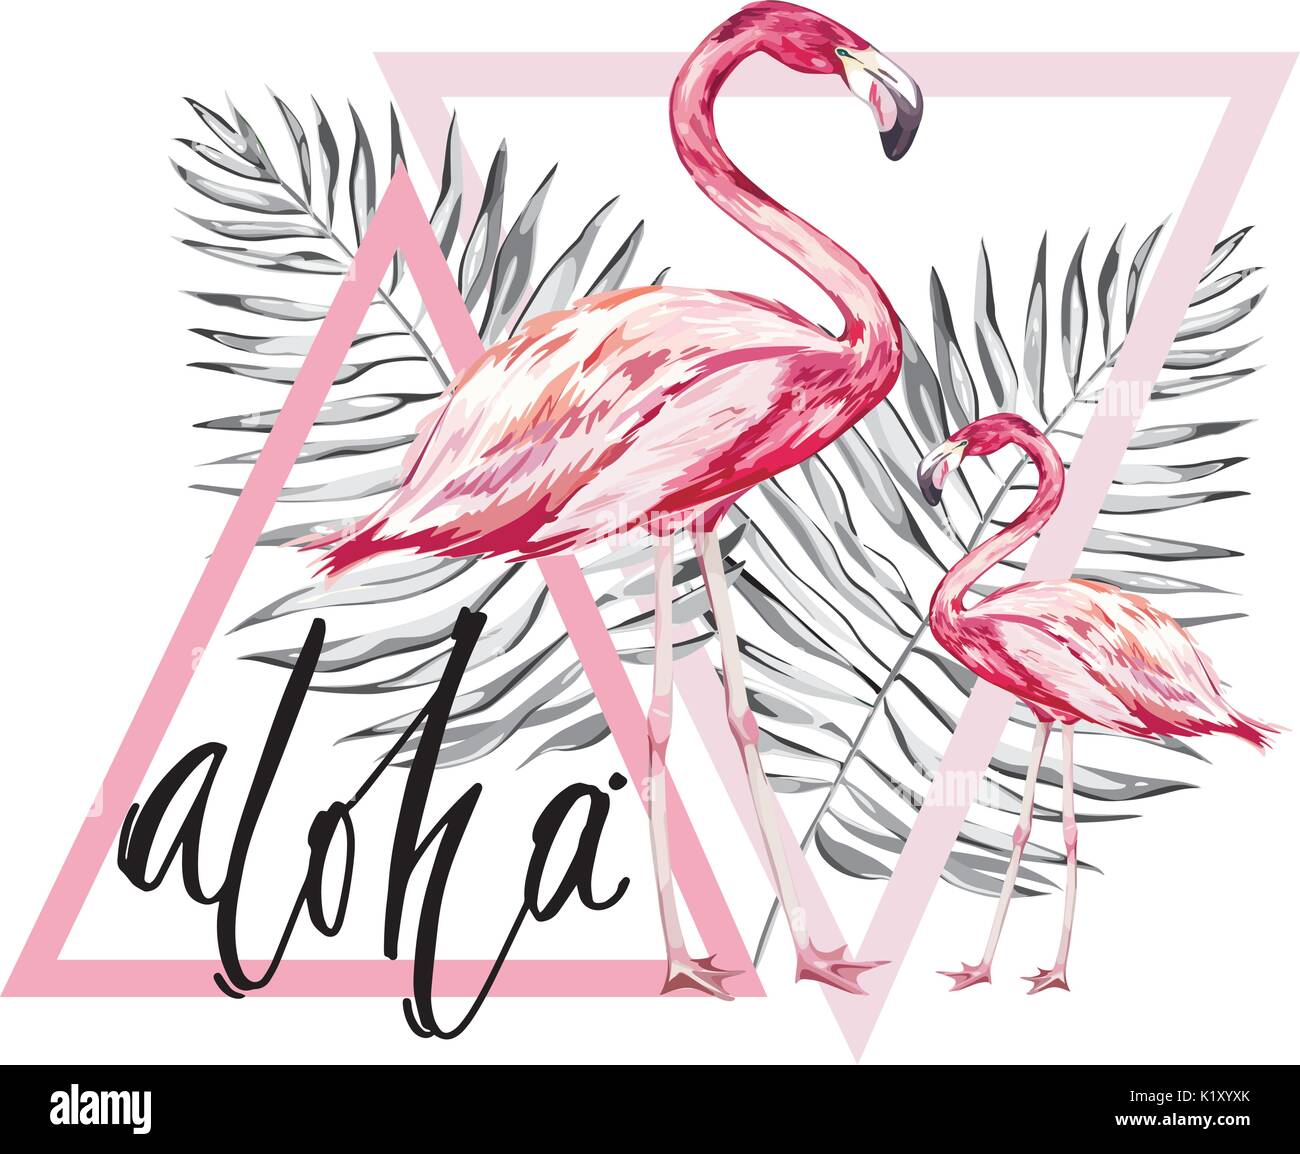 Wort - Aloha. Zwei Flamingos mit tropischen Blättern. Element für die Gestaltung von Einladungen, Filmplakate, Stoffen und anderen Objekten. Auf weiß isoliert. Geometrie gesetzt wird. Vector EPS 10. Stock Vektor
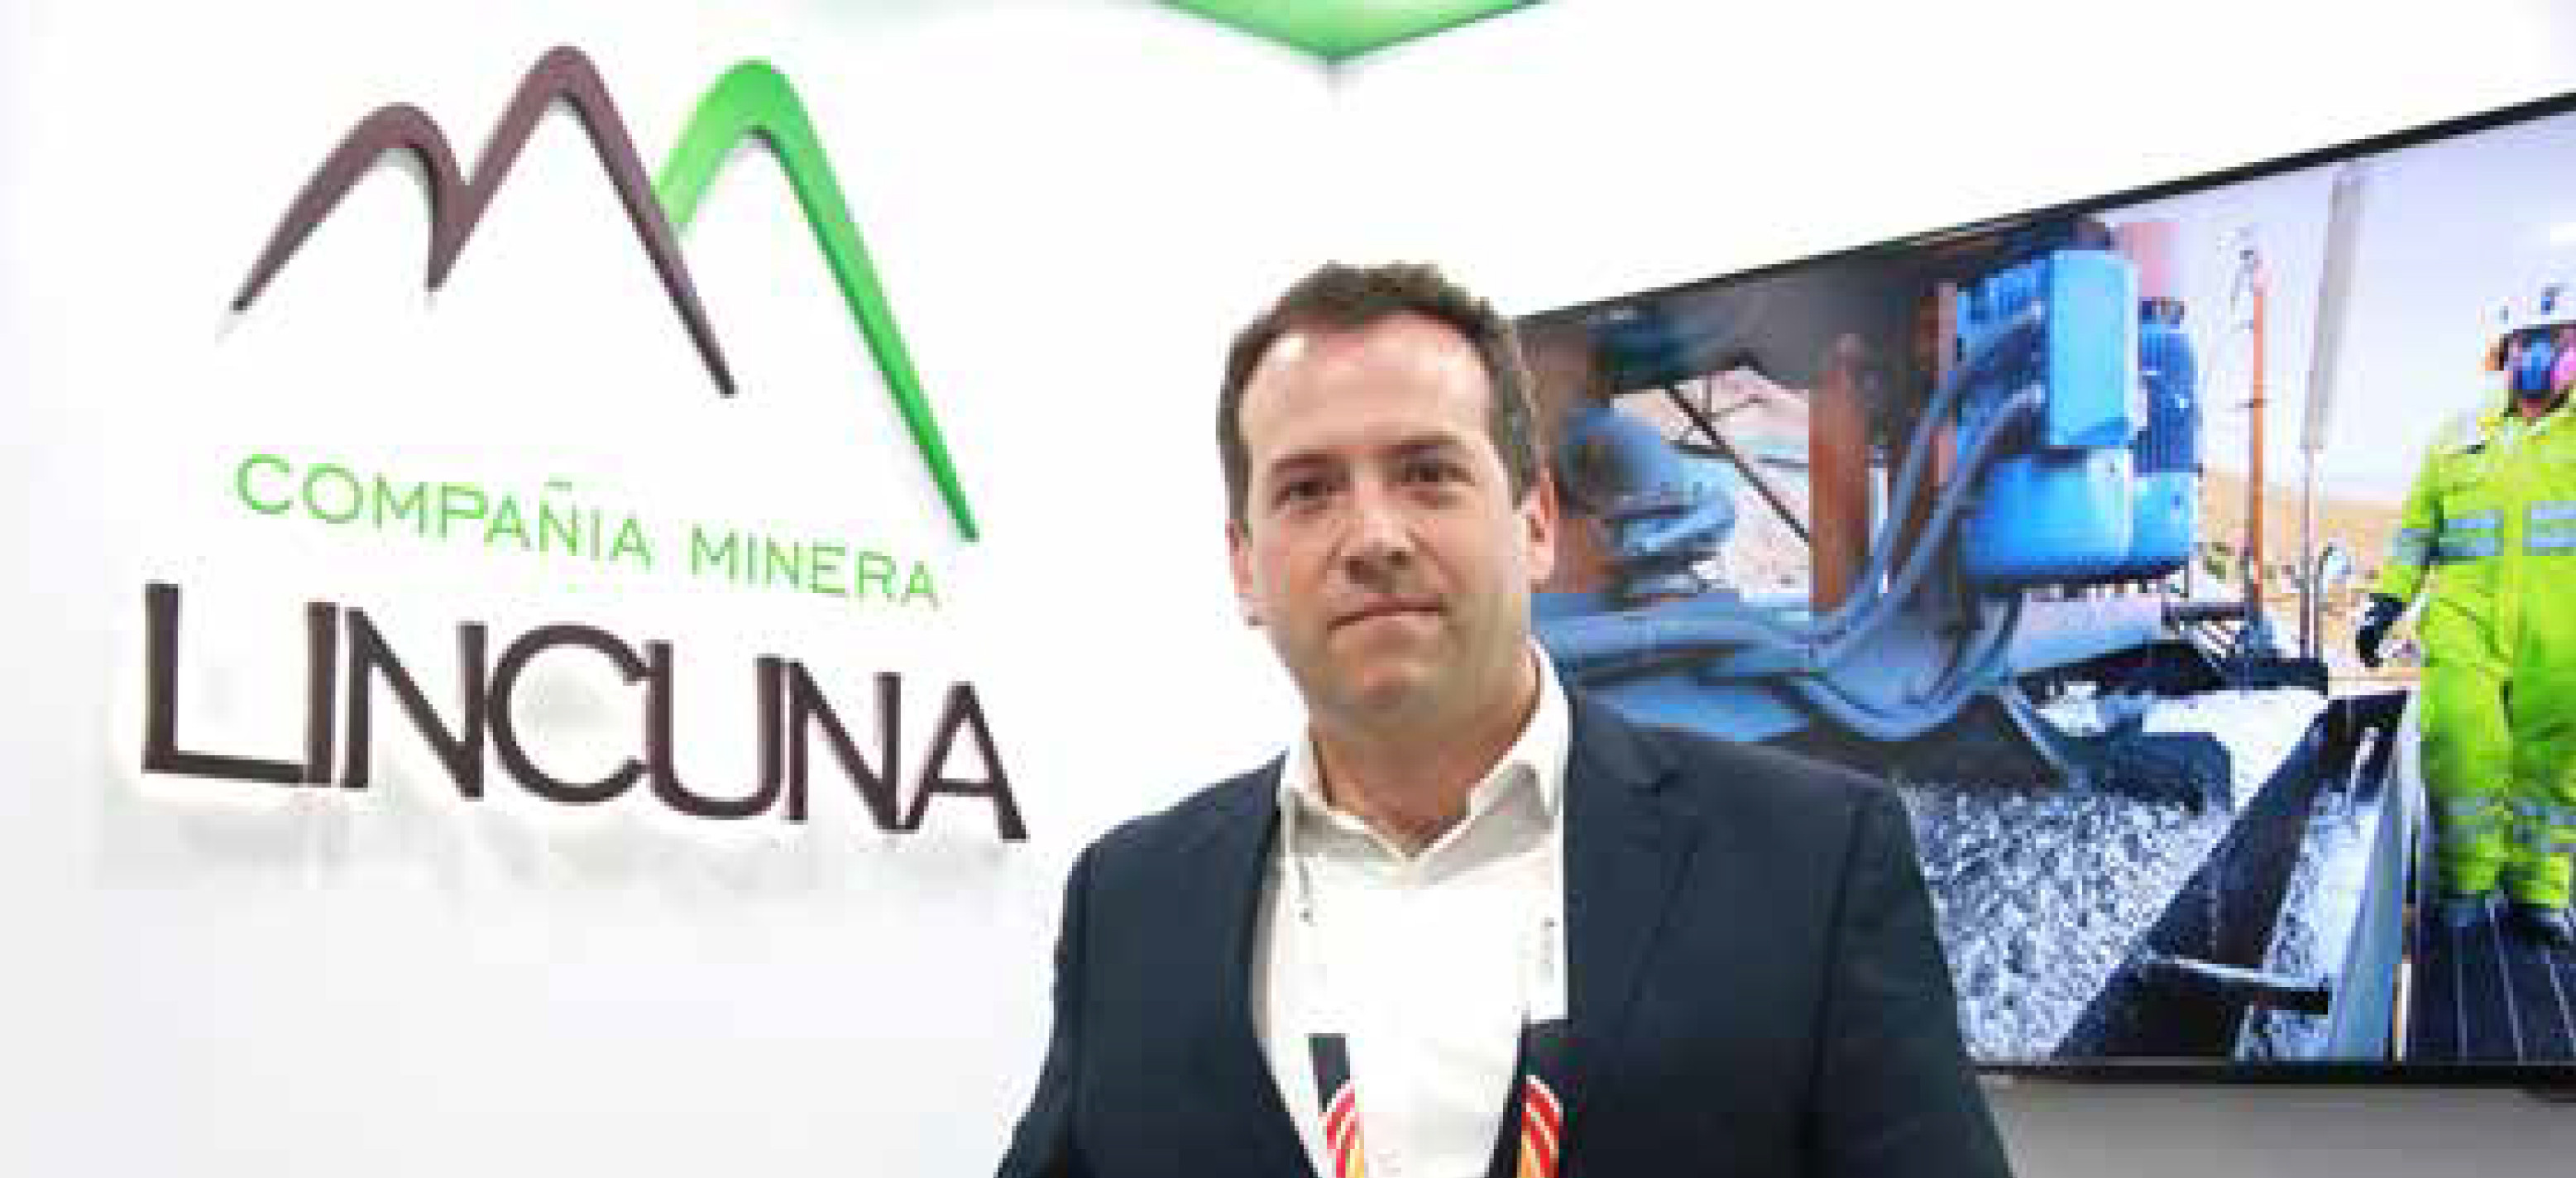 Miguel Sánchez, gerente de Lincuna: “Estimamos invertir US$ 50 millones en planta concentradora, presa de relaves y mina”
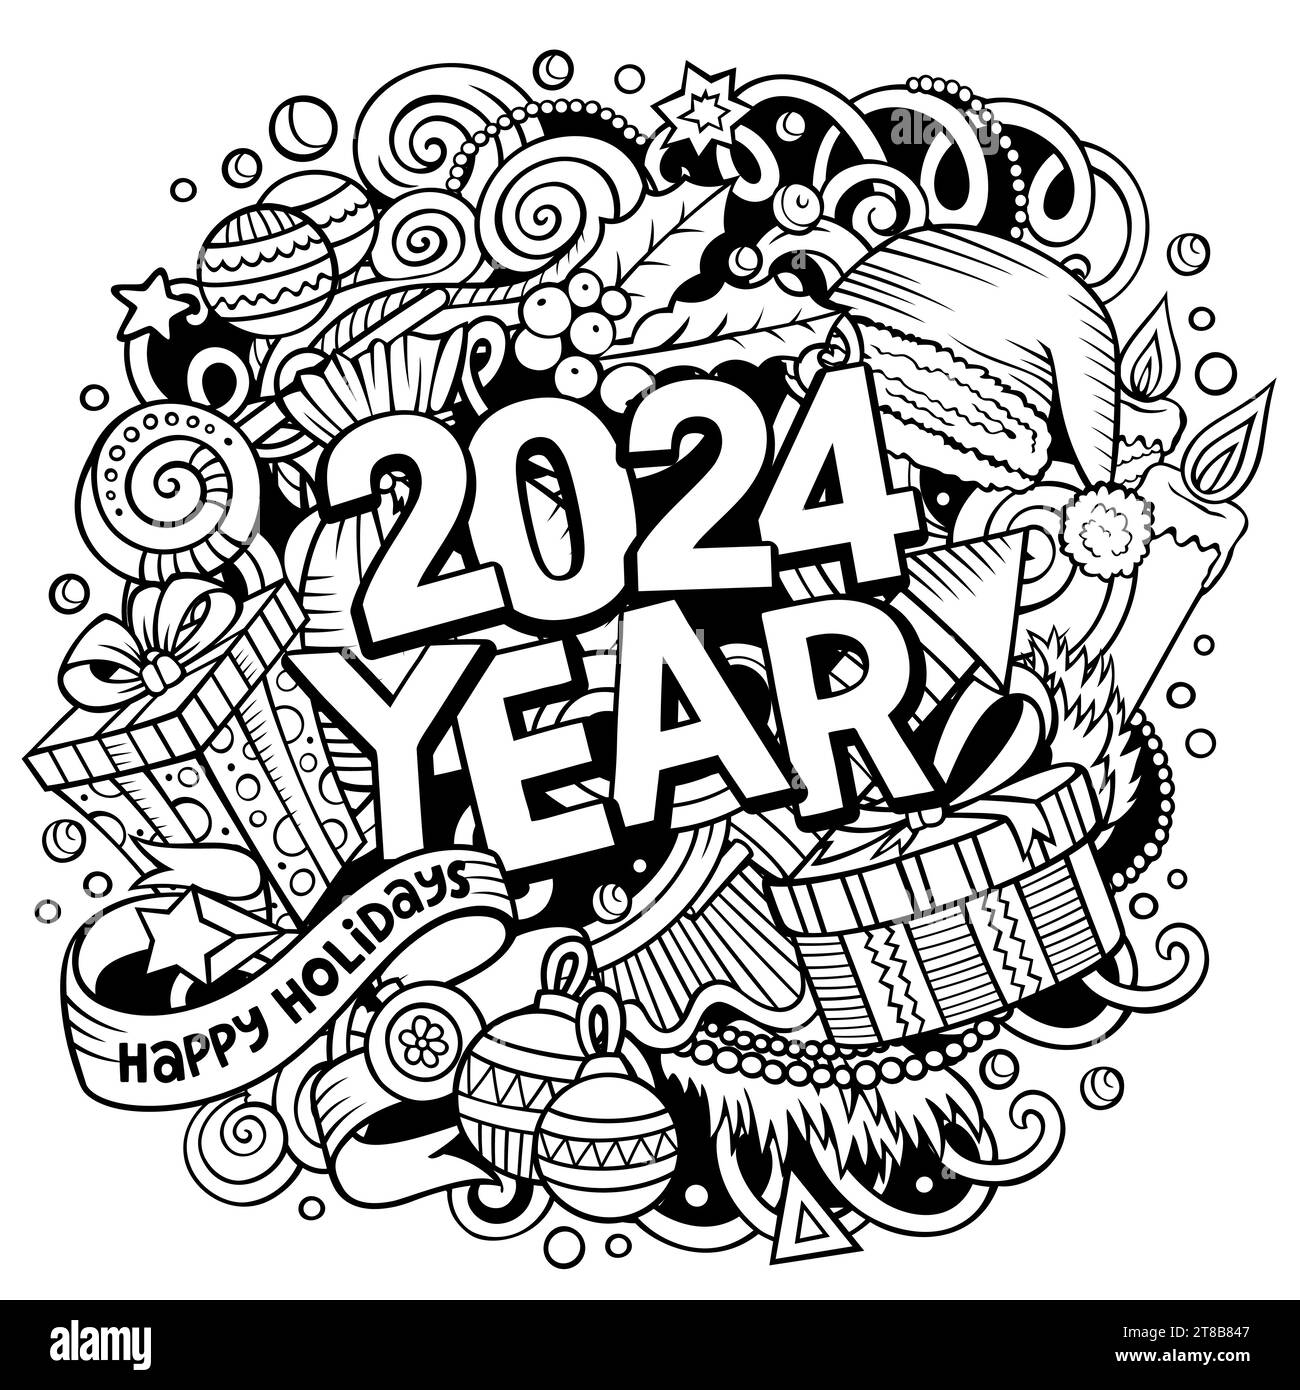 Abbildung 2024 Kritzeleien. Poster mit Objekten und Elementen zum Neujahr Stock Vektor

Problem requirements: Leave the pictures out and print the whole listing precisely.

Result:
 Wort - Aloha. Zwei Flamingos mit tropischen Blättern. Element für die Gestaltung von Einladungen, Filmplakate, Stoffen und anderen Objekten. Auf weiß isoliert. Geometrie gesetzt wird. Vector EPS 10. Stock Vektor
 Miguel Sánchez, gerente de Lincuna: “Estimamos invertir US$ 50 millones en planta concentradora, presa de relaves y mina”
 Abbildung 2024 Kritzeleien. Poster mit Objekten und Elementen zum Neujahr Stock Vektor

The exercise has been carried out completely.